What this task involves >> The answer is the line containing "Hyundai Tucson + Roof Tent" plus every line after it to the end of the material, retyped exactly and without the pictures.

Given data >>

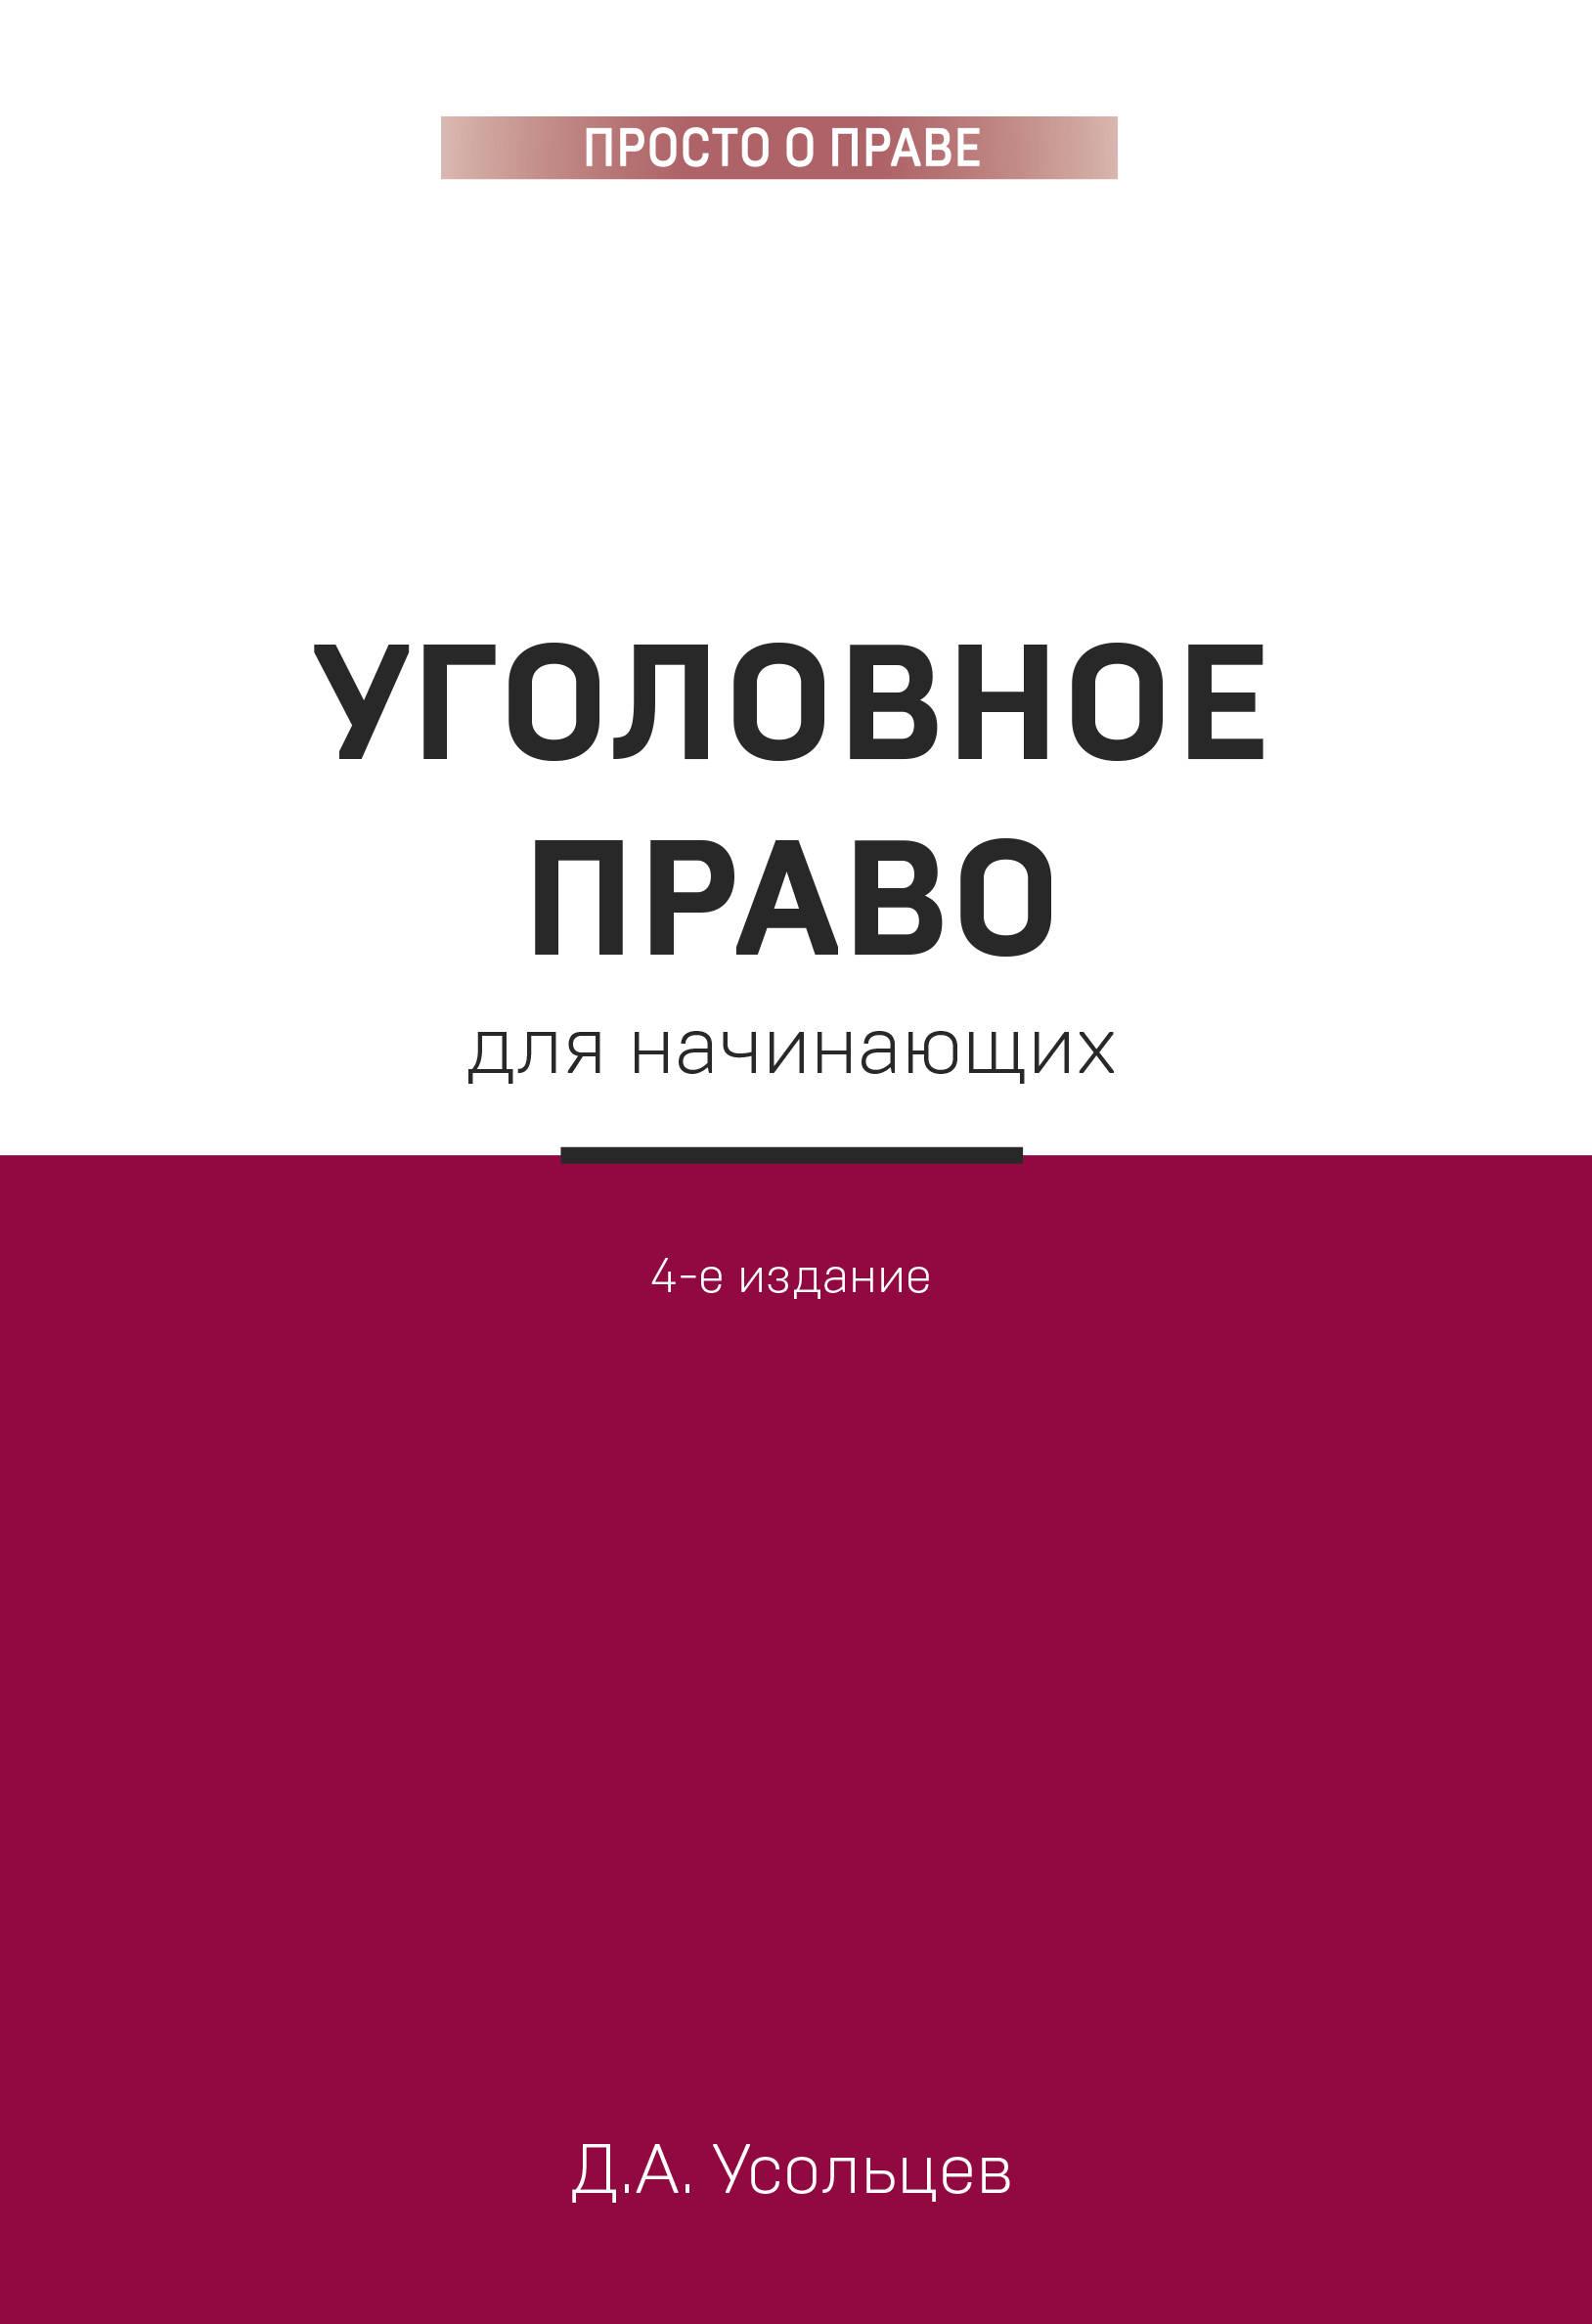 Ugolovnoe pravo dlja nachinajuschikh. 4-e izdanie
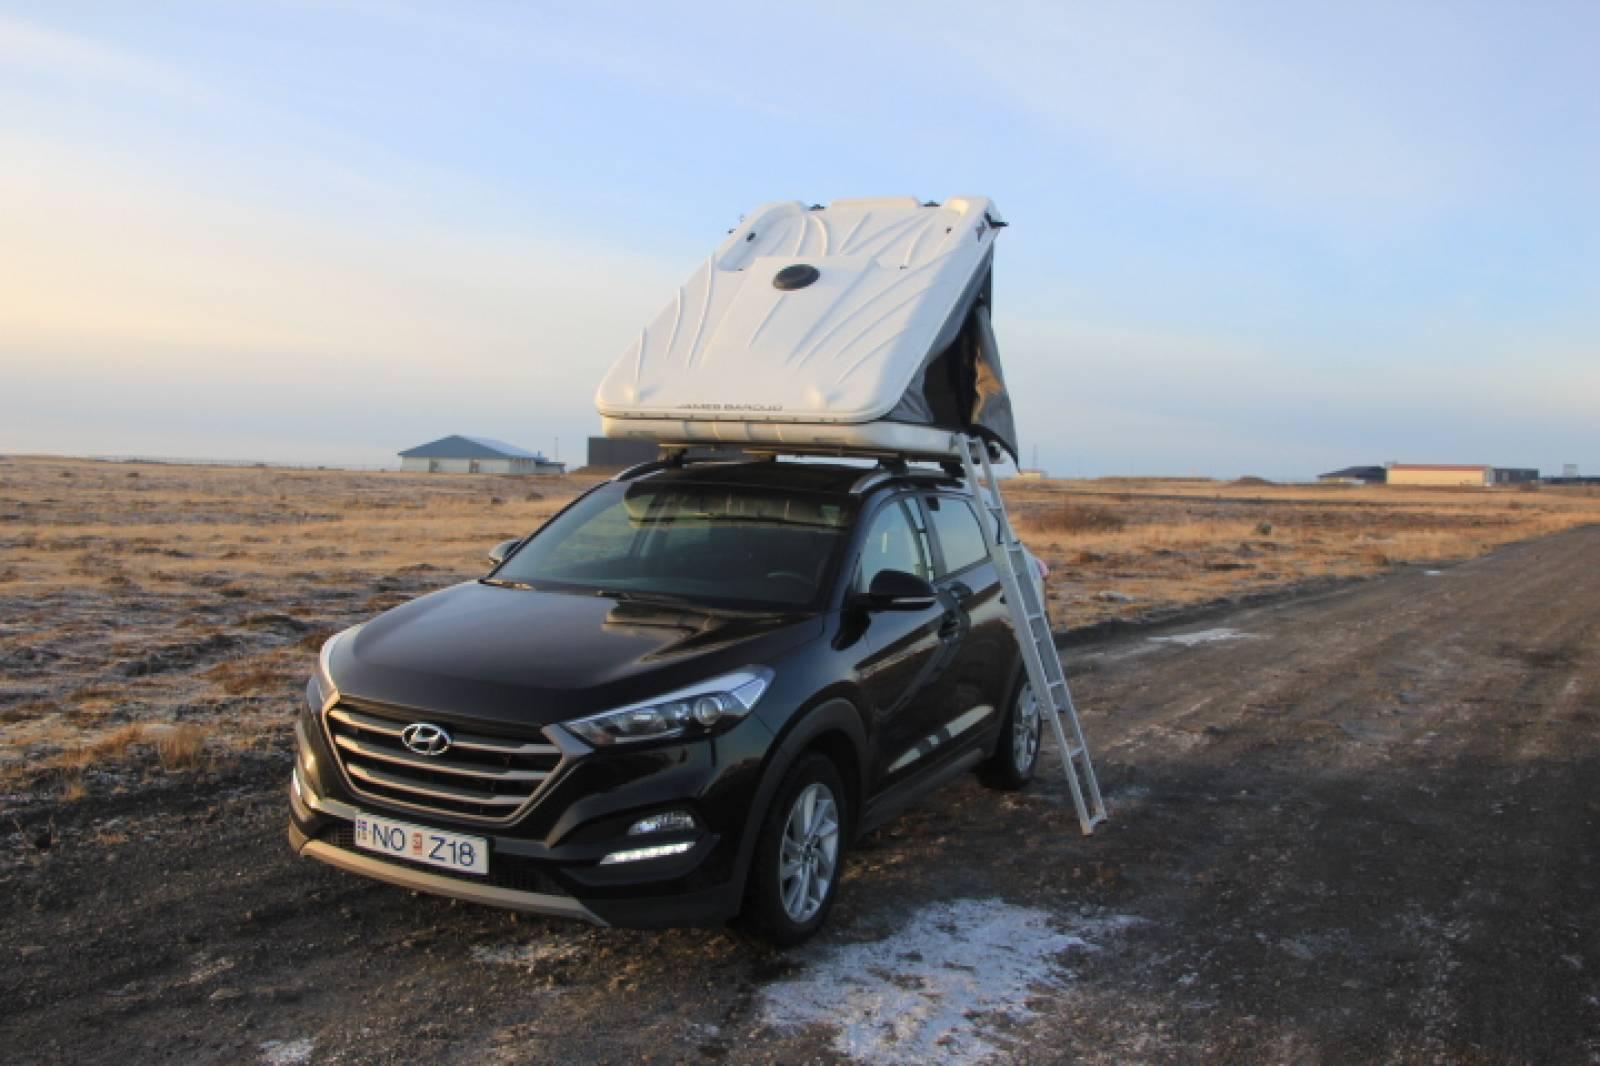 Hyundai Tucson + Roof Tent
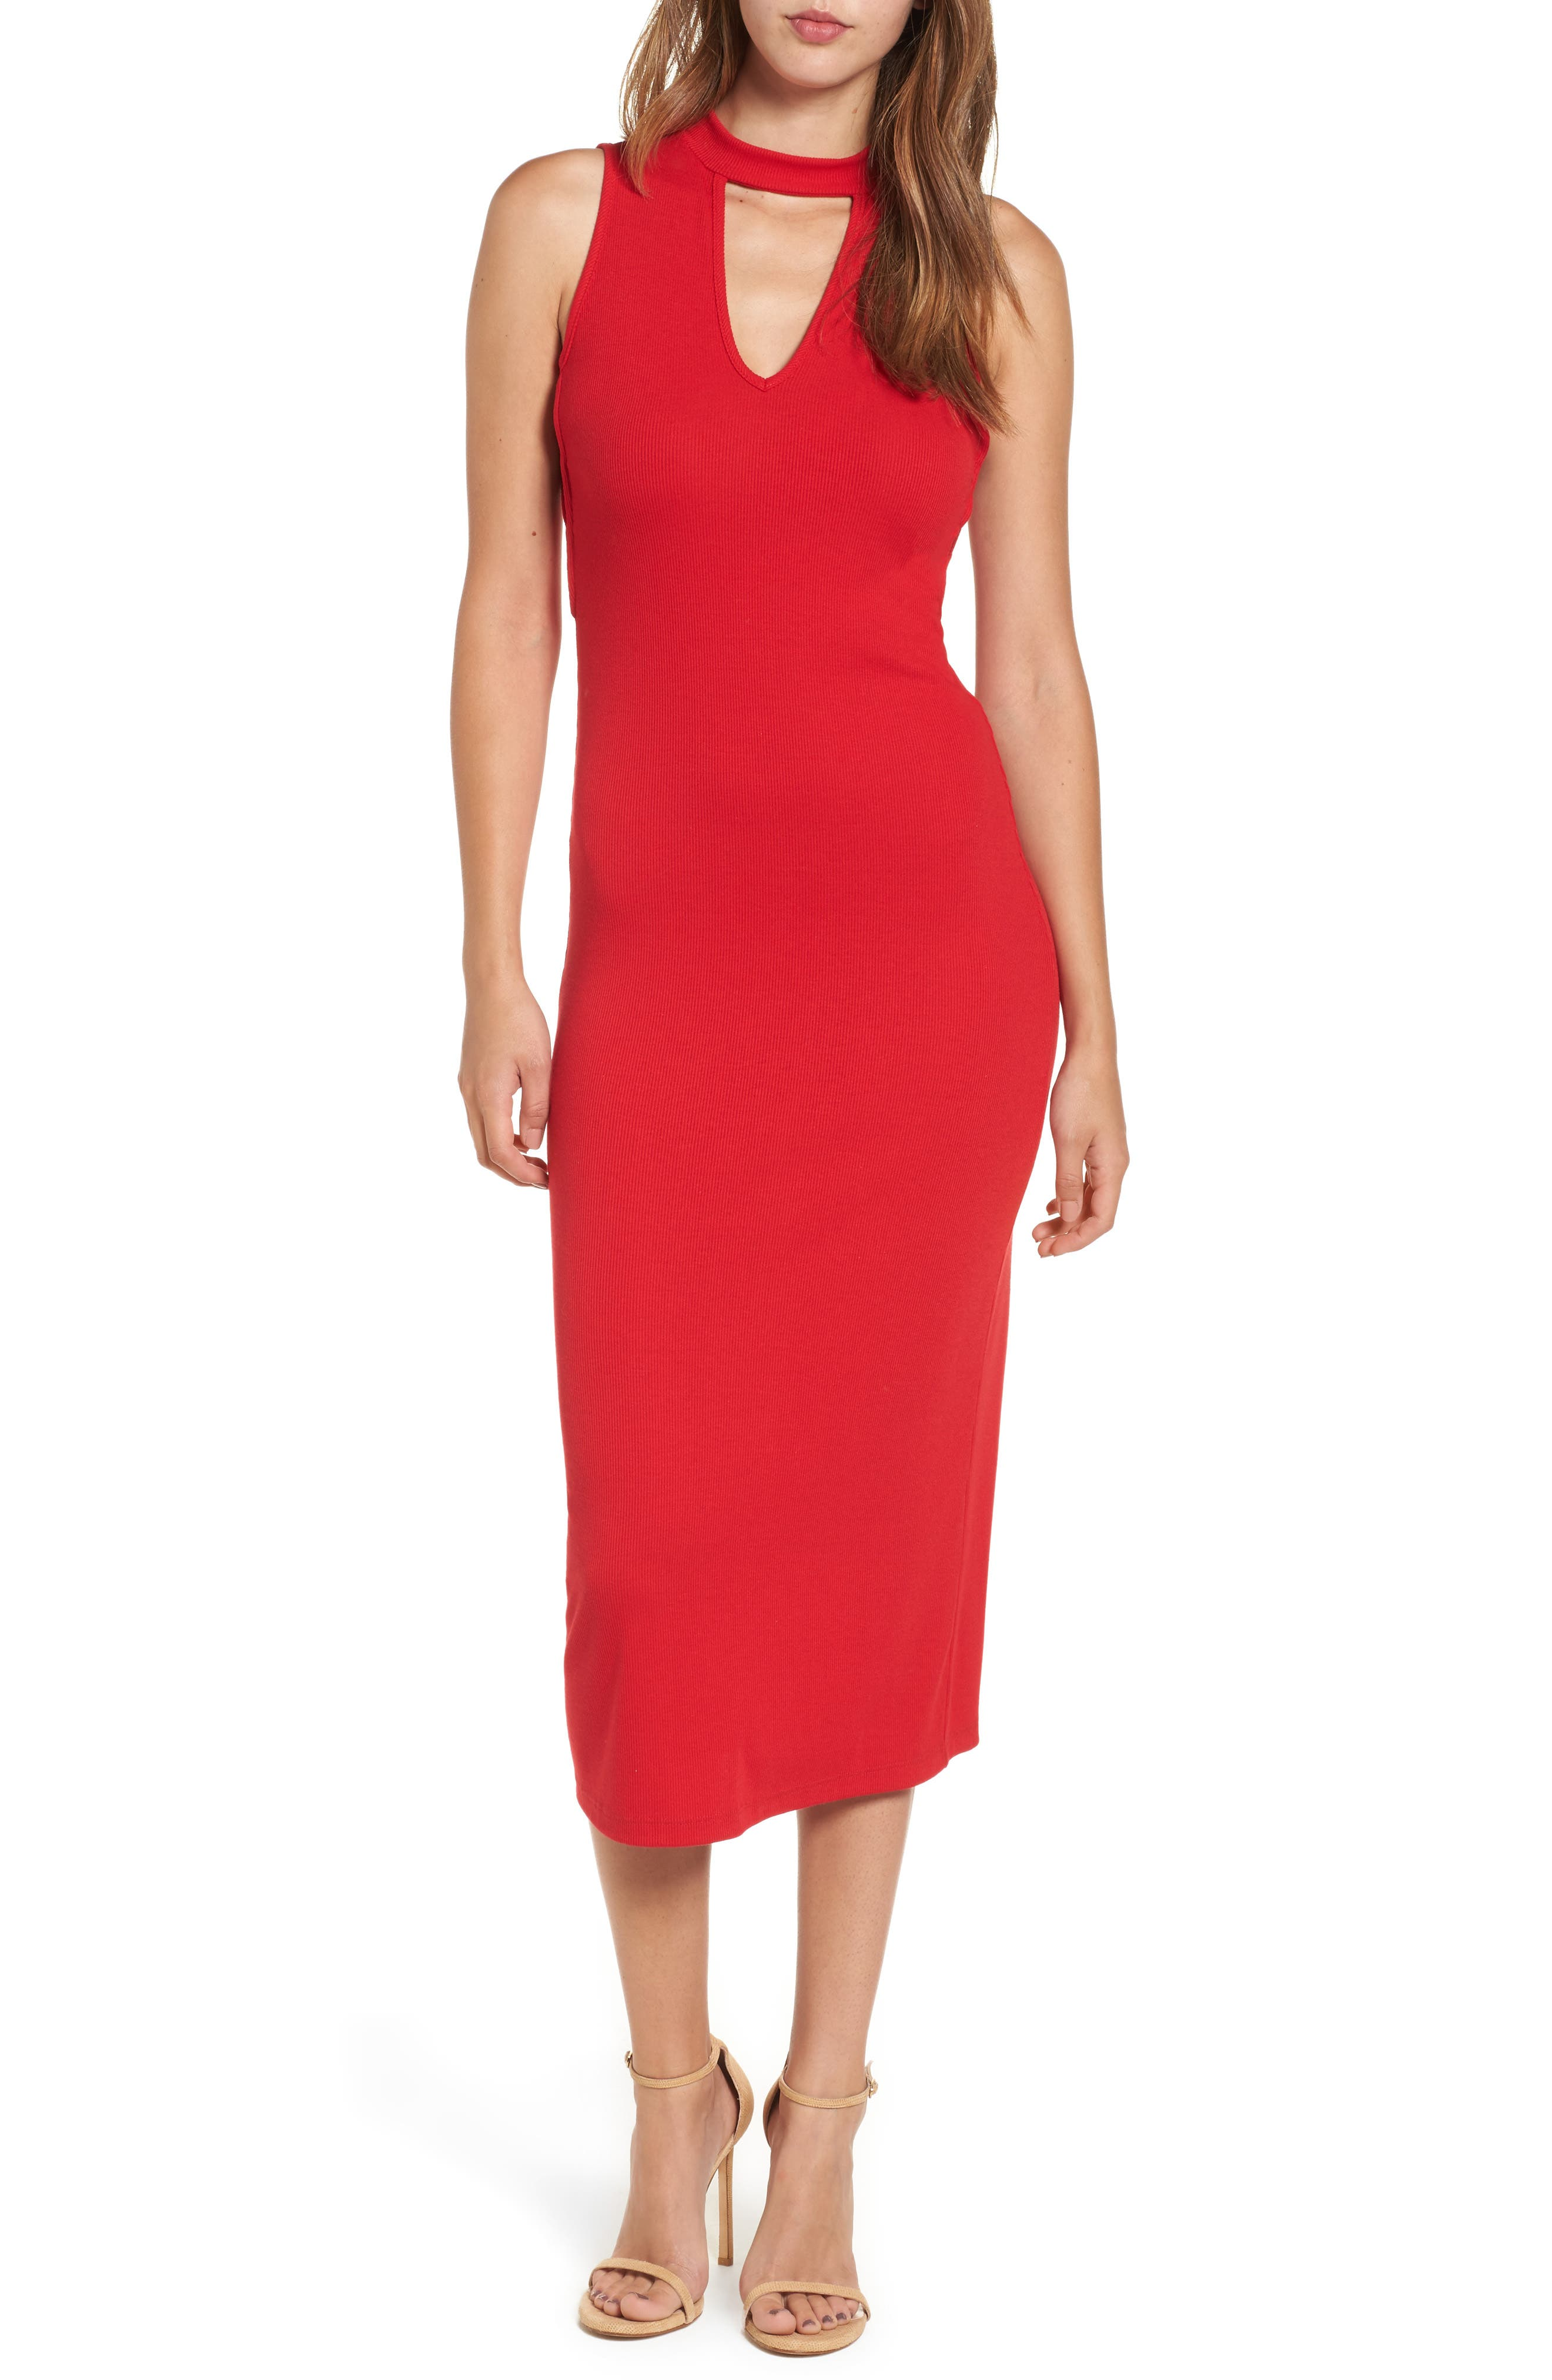 Soprano Body-Con Knit Dress

Result >>
 Hyundai Tucson + Roof Tent
 Soprano Body-Con Knit Dress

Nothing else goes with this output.